Hydro-Québec n'investira pas au Nouveau-Brunswick, car elle n'y trouve plus son compte, a annoncé le gouvernement Charest hier matin. Le premier ministre néo-brunswickois Shawn Graham a beau répéter qu'il est déçu, il peut se compter chanceux. Il s'en sort la tête haute. L'opposition au projet était telle qu'on voit mal comment il aurait réussi à le faire passer. Politiciens qui envisagez de vendre des sociétés d'État, prenez des notes!

Samedi encore, quelque 2000 personnes sont descendues dans la rue à Fredericton pour réclamer l'abandon de cette transaction. Le tollé provoqué par son annonce, en octobre dernier, n'a jamais faibli. Même après la révision de l'entente, qui diminuait les actifs transférés à Hydro, et sa visibilité dans le paysage néo-brunswickois. Les opposants auraient bientôt eu accès à une tribune encore plus puissante: le projet de loi devait être déposé la semaine prochaine, donnant le coup d'envoi à une vaste consultation de plus de 30 jours. Tout cela à six mois des élections provinciales!

C'est pourquoi on a tant de mal à croire que ce soit Québec, et non le Nouveau-Brunswick, qui ait arrêté les frais. Hydro-Québec a d'ailleurs refusé de s'expliquer sur les réinvestissements plus élevés et les risques supplémentaires mentionnés dans le communiqué québécois. À cause des ententes de confidentialités, nous a-t-on dit.

Le Nouveau-Brunswick ne s'est pourtant pas gêné pour affirmer, en conférence de presse, qu'Hydro-Québec n'a pas l'expertise et l'expérience pour rénover un de ses barrages  Le site de Mactaquac, aux portes de Fredericton, suscite des préoccupations qu'Hydro n'a pas à la Baie-James, c'est vrai. Mais de là à penser, comme on l'a entendu hier matin, que la nécessité d'y contrôler les glaces et les inondations pose problème à la société d'État québécoise? Permettez-nous d'en douter.

Les deux partenaires ont beau jurer que l'opinion publique n'est pour rien dans l'échec de leur projet, l'importance de ce facteur est indéniable. S'ils avaient continué, ils s'y seraient butés à chaque instant.

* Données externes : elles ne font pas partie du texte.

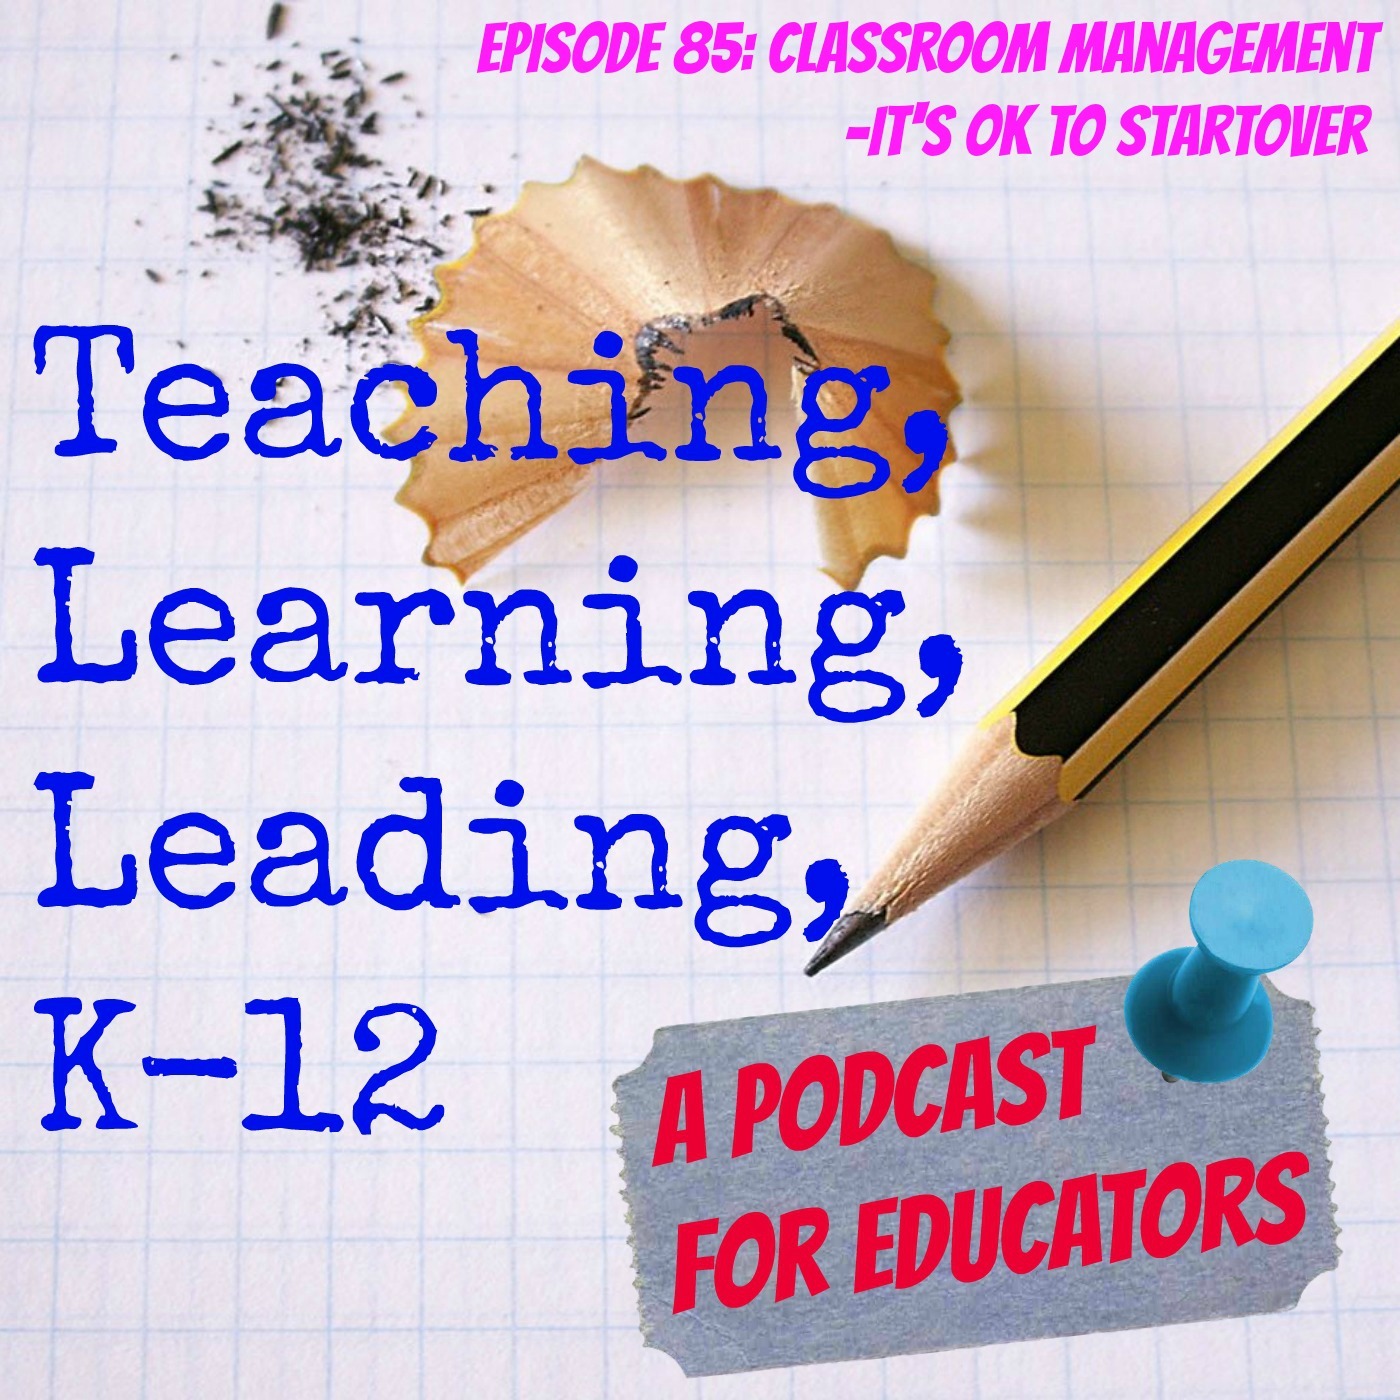 Episode 85: Classroom Management: It's OK to Startover

Pourtant, s'il y a un acheteur qui aurait dû se douter qu'une population puisse tenir à son patrimoine, c'est bien le Québec. Comment a-t-on pu présumer que les Néo-Brunswickois accepteraient cet arrangement sans broncher? Une société comme Hydro-Québec aurait dû anticiper les critiques et préparer le terrain en conséquence. Pas y réagir après coup. Elle aurait aussi dû savoir que personne, dans les provinces atlantiques, n'a oublié ce qu'il en a coûté à Terre-Neuve de négocier avec elle.

C'est une leçon pour le fédéral et l'Ontario, qui envisagent tous deux de vendre des actifs de l'État pour renflouer leurs coffres. Ne jamais sous-estimer l'attachement et l'émotivité d'une population à l'égard des biens publics. Ne jamais ignorer son hostilité envers l'acquéreur. Ne jamais sous-évaluer la force de l'opinion publique, point.